* Activity *
Restate word for word the lines of the entries below, starting with the line that holds "Striking a Work-Life Balance" and ending with the line that holds "420 rasta stoner", and no others.

* Supplied entries *
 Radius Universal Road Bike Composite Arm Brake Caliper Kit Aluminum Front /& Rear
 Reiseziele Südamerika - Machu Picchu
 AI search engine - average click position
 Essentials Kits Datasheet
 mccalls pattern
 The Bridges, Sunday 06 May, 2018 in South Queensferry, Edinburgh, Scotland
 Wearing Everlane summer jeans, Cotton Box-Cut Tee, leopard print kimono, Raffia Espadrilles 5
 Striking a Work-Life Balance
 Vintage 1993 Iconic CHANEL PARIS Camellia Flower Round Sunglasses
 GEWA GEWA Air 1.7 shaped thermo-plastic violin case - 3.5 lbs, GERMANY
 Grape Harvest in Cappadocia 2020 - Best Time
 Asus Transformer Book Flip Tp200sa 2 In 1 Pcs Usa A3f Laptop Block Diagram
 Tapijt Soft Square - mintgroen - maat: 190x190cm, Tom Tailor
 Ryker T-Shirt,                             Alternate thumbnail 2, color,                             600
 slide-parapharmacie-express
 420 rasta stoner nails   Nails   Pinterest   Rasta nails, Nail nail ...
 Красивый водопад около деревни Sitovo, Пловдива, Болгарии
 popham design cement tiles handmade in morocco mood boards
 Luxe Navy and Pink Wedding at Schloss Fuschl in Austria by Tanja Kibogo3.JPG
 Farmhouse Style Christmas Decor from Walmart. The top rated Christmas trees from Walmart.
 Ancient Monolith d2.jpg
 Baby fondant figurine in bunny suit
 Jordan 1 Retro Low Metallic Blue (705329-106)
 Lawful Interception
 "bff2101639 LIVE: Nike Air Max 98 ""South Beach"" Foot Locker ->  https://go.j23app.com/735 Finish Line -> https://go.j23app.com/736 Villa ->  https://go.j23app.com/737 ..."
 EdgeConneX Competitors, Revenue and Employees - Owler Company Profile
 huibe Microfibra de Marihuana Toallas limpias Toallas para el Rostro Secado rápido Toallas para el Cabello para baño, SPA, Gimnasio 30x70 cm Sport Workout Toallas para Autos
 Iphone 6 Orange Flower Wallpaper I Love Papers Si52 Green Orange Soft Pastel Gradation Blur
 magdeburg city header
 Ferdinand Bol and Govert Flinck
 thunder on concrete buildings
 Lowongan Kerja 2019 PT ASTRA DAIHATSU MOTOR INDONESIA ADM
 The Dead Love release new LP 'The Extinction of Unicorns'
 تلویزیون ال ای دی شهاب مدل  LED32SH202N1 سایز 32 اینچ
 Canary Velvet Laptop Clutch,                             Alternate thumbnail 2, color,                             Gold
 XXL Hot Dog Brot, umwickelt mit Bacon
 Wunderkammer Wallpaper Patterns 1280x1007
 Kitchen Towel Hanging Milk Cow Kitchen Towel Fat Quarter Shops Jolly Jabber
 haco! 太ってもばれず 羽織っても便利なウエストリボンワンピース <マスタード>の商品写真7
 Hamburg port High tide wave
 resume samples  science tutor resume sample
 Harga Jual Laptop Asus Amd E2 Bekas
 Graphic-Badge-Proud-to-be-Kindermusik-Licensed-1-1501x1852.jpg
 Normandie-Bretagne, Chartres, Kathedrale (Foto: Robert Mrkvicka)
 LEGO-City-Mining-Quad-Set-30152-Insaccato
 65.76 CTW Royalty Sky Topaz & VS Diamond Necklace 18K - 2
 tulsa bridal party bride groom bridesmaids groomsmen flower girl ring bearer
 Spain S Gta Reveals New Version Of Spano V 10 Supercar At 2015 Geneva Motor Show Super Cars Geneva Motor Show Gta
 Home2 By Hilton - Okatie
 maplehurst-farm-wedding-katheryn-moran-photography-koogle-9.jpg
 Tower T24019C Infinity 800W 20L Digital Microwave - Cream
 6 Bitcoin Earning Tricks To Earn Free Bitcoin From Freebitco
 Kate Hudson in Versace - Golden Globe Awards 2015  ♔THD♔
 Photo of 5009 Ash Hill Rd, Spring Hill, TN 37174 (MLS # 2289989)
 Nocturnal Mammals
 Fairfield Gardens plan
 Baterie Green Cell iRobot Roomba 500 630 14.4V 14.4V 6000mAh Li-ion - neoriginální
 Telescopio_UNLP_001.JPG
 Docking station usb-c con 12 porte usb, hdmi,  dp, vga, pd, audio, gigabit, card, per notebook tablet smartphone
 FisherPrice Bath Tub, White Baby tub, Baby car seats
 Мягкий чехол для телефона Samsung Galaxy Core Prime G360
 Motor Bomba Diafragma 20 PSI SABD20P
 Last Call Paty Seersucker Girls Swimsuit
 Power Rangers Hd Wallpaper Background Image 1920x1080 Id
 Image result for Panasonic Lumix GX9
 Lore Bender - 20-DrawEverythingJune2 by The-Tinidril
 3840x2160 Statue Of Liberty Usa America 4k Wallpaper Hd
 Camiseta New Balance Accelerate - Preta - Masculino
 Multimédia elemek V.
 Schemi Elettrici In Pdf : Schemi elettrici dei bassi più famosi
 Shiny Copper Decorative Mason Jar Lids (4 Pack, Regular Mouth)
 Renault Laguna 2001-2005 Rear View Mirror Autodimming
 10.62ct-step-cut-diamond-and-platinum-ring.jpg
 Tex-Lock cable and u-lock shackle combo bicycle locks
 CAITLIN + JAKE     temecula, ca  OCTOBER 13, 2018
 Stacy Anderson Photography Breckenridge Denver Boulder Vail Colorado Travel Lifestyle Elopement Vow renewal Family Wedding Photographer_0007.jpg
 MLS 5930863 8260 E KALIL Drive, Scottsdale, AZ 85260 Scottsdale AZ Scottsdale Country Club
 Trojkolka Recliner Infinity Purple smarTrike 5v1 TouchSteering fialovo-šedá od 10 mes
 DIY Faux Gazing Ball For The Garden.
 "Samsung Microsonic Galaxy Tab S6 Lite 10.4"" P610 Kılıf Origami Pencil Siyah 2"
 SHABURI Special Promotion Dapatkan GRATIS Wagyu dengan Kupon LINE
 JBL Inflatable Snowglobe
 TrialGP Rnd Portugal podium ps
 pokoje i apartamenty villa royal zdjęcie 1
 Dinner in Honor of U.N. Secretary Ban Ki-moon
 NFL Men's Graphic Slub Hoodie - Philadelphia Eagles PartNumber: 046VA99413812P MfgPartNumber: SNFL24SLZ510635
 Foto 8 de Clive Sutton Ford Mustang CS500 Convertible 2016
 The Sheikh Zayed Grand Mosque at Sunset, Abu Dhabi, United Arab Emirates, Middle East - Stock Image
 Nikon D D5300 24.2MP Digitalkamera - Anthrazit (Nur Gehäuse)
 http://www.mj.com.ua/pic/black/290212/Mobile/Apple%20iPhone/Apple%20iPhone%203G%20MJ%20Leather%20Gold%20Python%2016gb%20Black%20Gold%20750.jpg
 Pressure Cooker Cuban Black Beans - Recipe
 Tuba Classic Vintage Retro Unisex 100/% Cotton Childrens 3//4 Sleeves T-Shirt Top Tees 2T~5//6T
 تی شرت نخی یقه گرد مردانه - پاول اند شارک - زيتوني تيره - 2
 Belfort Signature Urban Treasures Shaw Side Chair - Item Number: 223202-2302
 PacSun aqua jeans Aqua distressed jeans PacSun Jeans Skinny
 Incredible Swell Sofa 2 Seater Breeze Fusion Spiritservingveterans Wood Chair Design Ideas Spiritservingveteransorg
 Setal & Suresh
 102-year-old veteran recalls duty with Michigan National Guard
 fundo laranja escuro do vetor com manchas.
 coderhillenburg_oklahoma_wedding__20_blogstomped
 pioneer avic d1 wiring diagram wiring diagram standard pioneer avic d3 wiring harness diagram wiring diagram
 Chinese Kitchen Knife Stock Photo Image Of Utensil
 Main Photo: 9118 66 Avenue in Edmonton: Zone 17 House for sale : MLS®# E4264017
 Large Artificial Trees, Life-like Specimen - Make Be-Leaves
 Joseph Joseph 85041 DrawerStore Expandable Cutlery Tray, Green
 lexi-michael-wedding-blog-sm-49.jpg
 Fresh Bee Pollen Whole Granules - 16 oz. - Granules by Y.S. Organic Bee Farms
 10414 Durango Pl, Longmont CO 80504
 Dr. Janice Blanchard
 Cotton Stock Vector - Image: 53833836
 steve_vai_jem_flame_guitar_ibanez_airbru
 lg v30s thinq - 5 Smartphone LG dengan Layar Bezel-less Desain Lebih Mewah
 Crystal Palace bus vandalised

* Answer to this exercise *
 Striking a Work-Life Balance
 Vintage 1993 Iconic CHANEL PARIS Camellia Flower Round Sunglasses
 GEWA GEWA Air 1.7 shaped thermo-plastic violin case - 3.5 lbs, GERMANY
 Grape Harvest in Cappadocia 2020 - Best Time
 Asus Transformer Book Flip Tp200sa 2 In 1 Pcs Usa A3f Laptop Block Diagram
 Tapijt Soft Square - mintgroen - maat: 190x190cm, Tom Tailor
 Ryker T-Shirt,                             Alternate thumbnail 2, color,                             600
 slide-parapharmacie-express
 420 rasta stoner nails   Nails   Pinterest   Rasta nails, Nail nail ...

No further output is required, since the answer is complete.